Document processing libraries are loaded conditionally:

try:
    from pdfminer.high_level import extract_text_to_fp
    PDFMINER_AVAILABLE = True
except ImportError:
    PDFMINER_AVAILABLE = False

This ensures the application functions even when some document processing libraries are not available, with graceful fallbacks.
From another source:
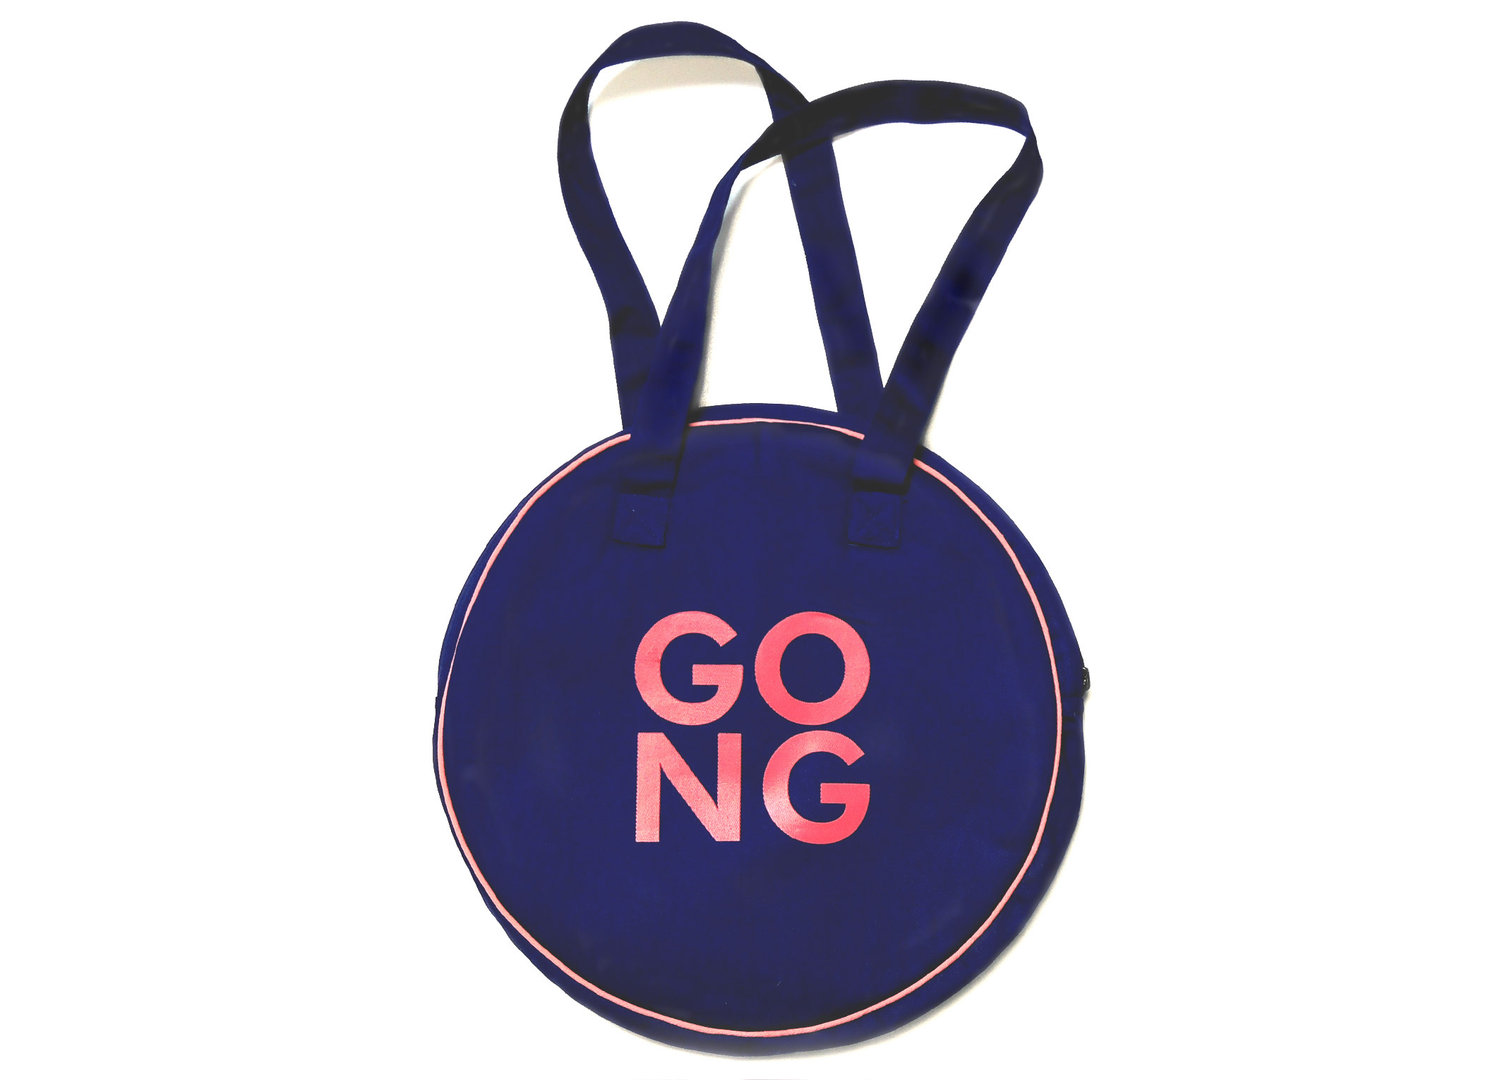 blaue Gongtasche mit pinkem 'GONG' Aufdruck
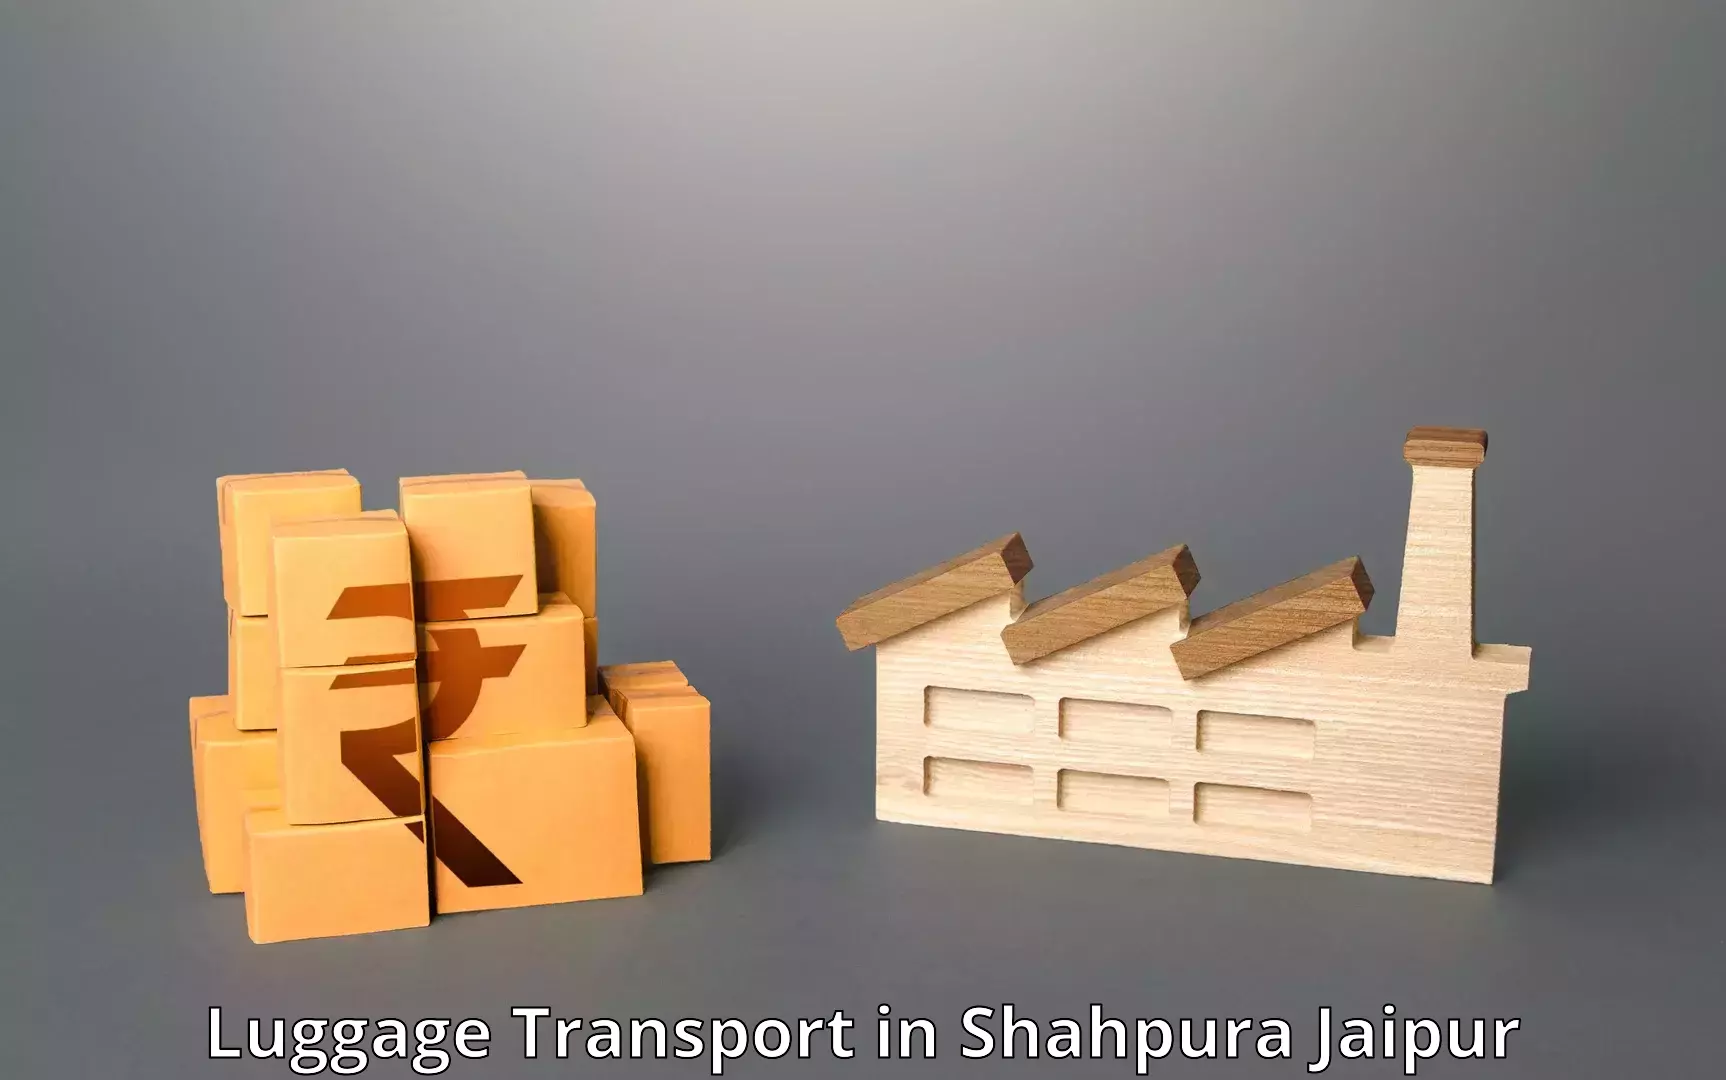 Luggage transport operations in Shahpura Jaipur

6. How to Enable These Optimizations

The optimizations are enabled by default in the latest version. To make use of the chunked file processing:

  1. For direct file scanning from disk, use the new scan_file_path function:
from privacy_scanner import scan_file_path

sensitive, detected, processing_time = scan_file_path(
    user_id=current_user_id,
    file_path="/path/to/file.pdf", 
    file_name="file.pdf",
    file_type="pdf"
)
  1. For in-memory content, continue using the existing scan_file_content function:
from privacy_scanner import scan_file_content

sensitive, detected = scan_file_content(
    user_id=current_user_id,
    file_content=content_string,
    file_name="example.txt"
)

7. Future Optimization Opportunities

  • NLP-assisted pattern detection: Using spaCy to pre-filter text chunks before applying regex patterns
  • Pattern caching: Implement caching of scan results for repeated text chunks
  • GPU acceleration: For local LLM document processing
  • Adaptive chunk sizing: Adjust chunk size based on available system memory and file characteristics
  • Distributed scanning: For enterprise deployments with very high scanning volume

8. Benchmarking

To benchmark the performance improvements, compare the processing times for different file types:

import time
from privacy_scanner import scan_text, scan_file_path

def benchmark_scan(file_path, file_type, user_id):
    # Benchmark old method (load entire file)
    with open(file_path, 'r', errors='ignore') as f:
        content = f.read()
    
    start_time = time.time()
    sensitive1, detected1 = scan_text(user_id, content)
    old_time = time.time() - start_time
    
    # Benchmark new method (chunked processing)
    start_time = time.time()
    sensitive2, detected2, _ = scan_file_path(user_id, file_path, file_path, file_type)
    new_time = time.time() - start_time
    
    print(f"File: {file_path}")
    print(f"Old method: {old_time:.4f}s, detected: {len(detected1)} pattern types")
    print(f"New method: {new_time:.4f}s, detected: {len(detected2)} pattern types")
    print(f"Speedup: {old_time/new_time:.2f}x")

9. Requirements

These optimizations require the following additional dependencies:

  • pdfminer.six: For PDF text extraction
  • python-docx: For Word document processing
  • openpyxl: For Excel spreadsheet processing
  • concurrent-log-handler: For thread-safe logging

These dependencies are included in the updated pyproject.toml file.